---------- Raw data ----------

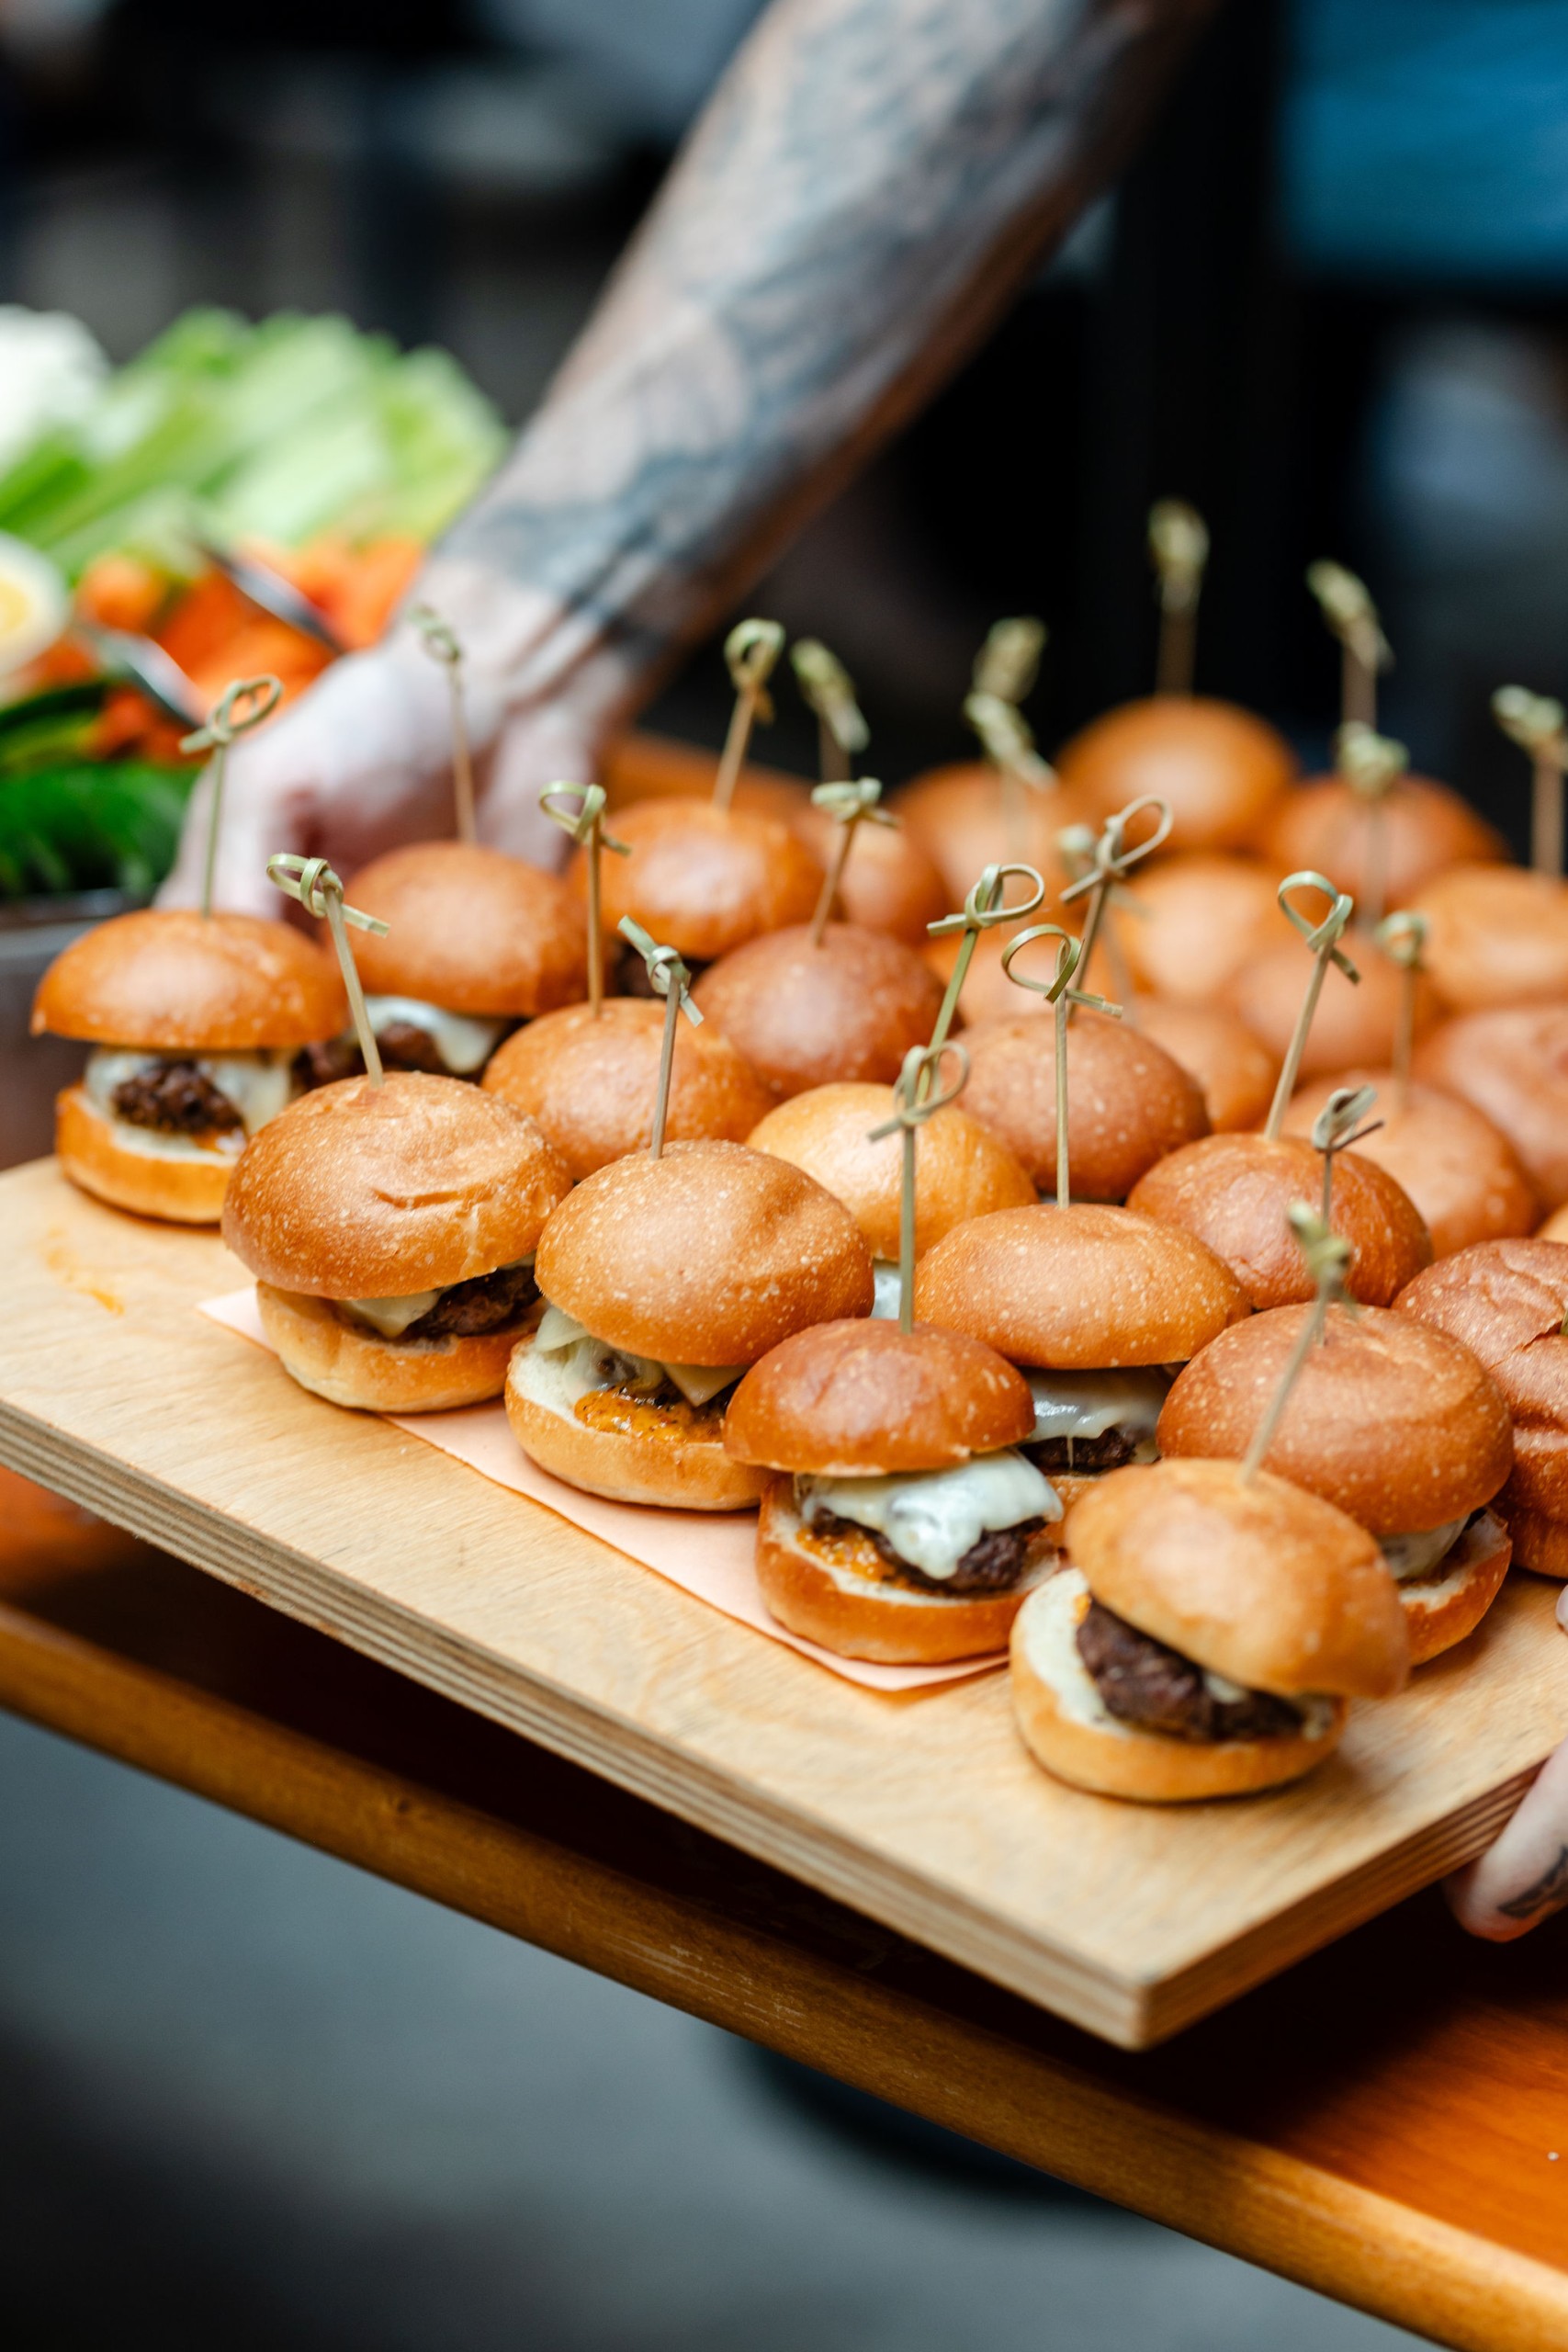 At a social event, a man captures moments of guests holding trays of sliders.
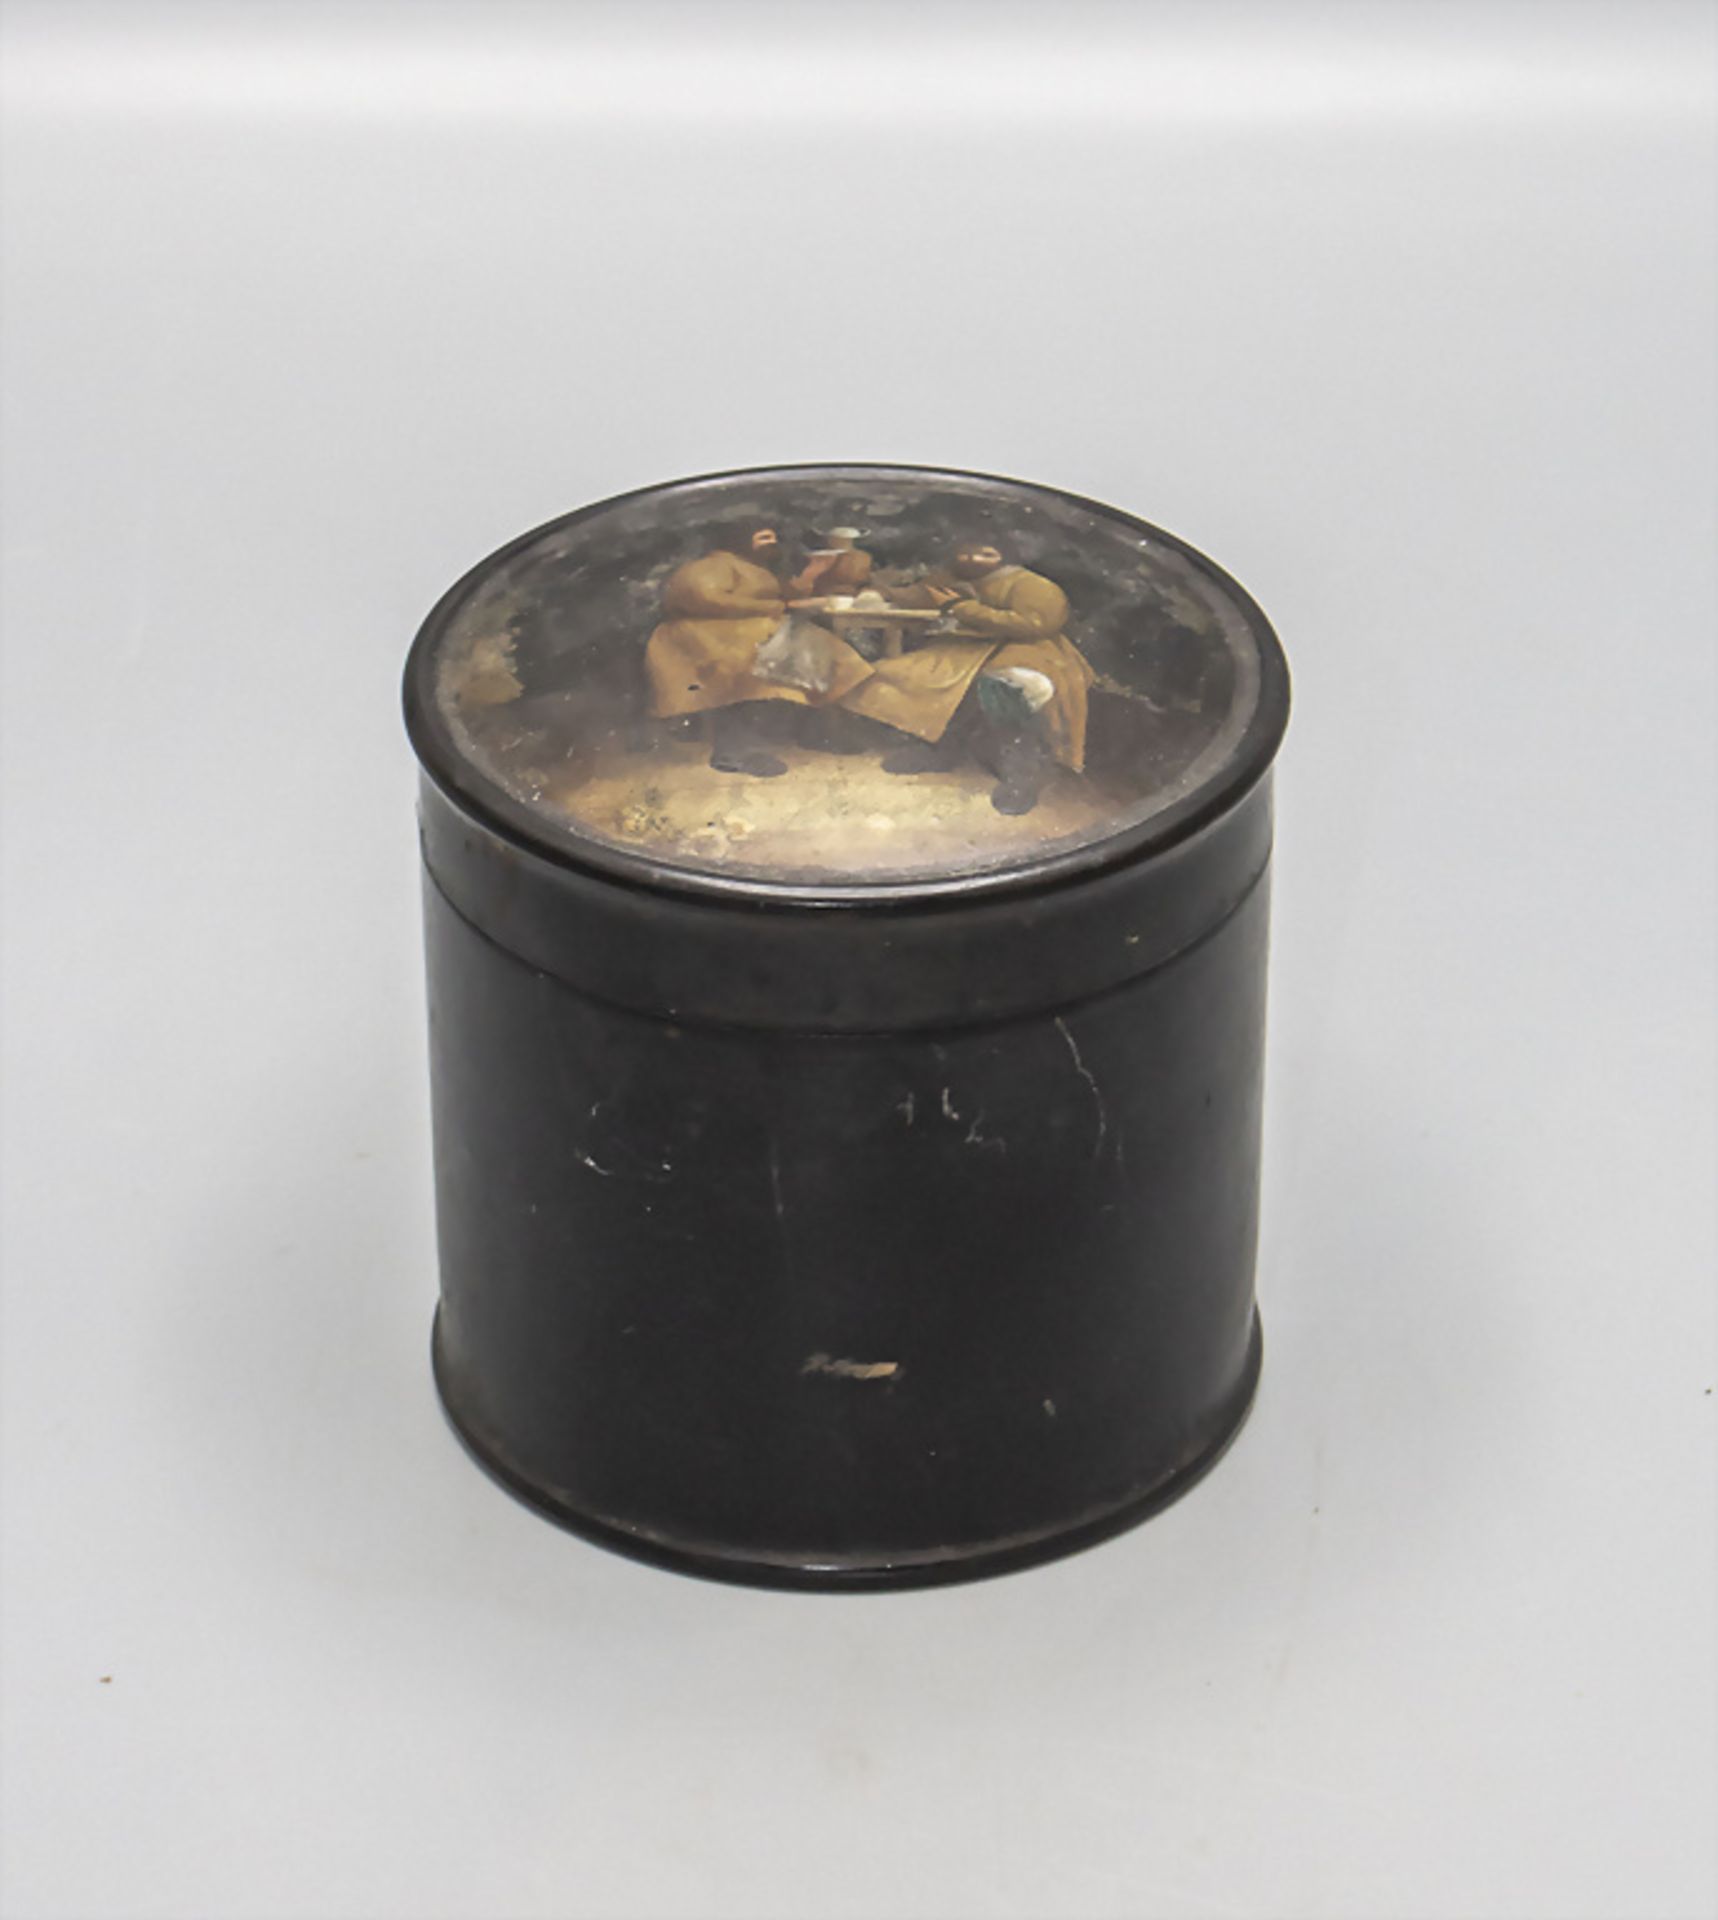 Lackteedose mit Genreszene 'Die Teetrinker' / A lacquered tea caddy with a genre scene 'Tea ...
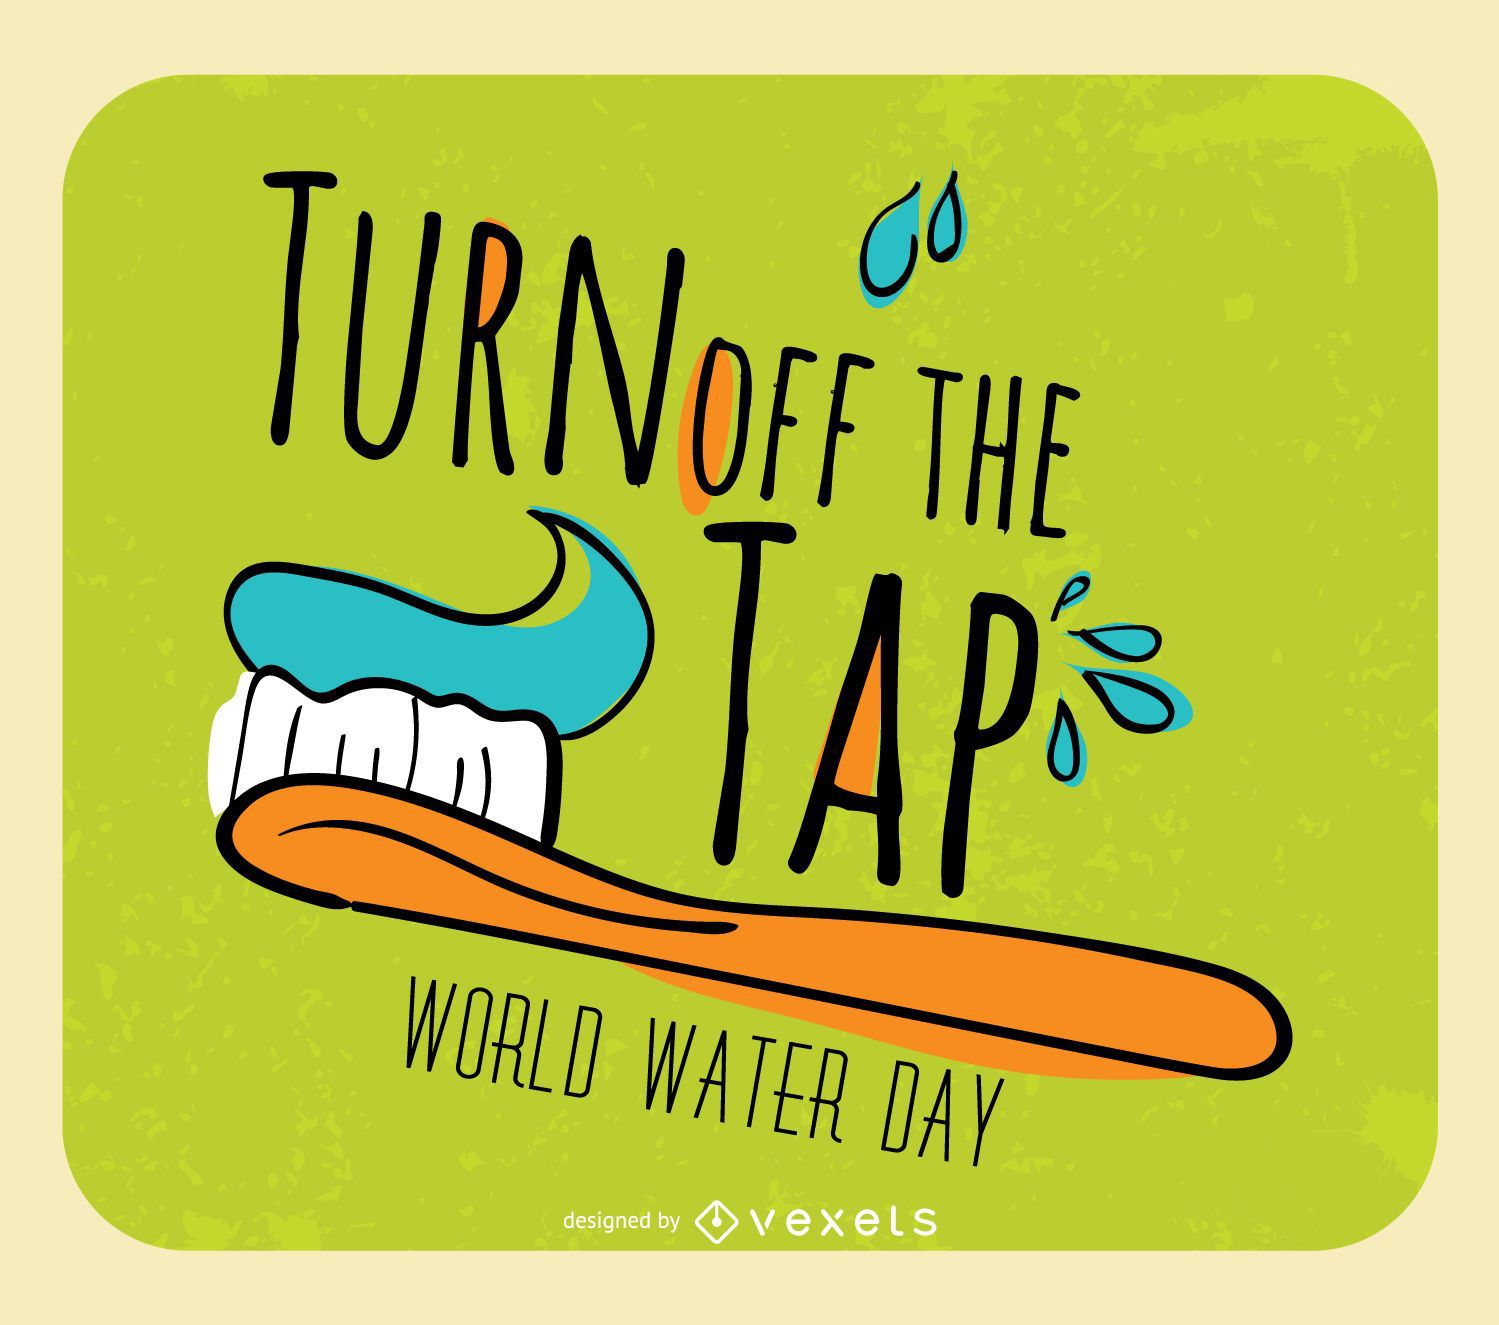 World Water Day - Turn off the tap

----------

Task instructions ::
Make an exact copy of the data, leaving its pictures out.

Written answer ::
 At a social event, a man captures moments of guests holding trays of sliders.
 Lackteedose mit Genreszene 'Die Teetrinker' / A lacquered tea caddy with a genre scene 'Tea ...
 World Water Day - Turn off the tap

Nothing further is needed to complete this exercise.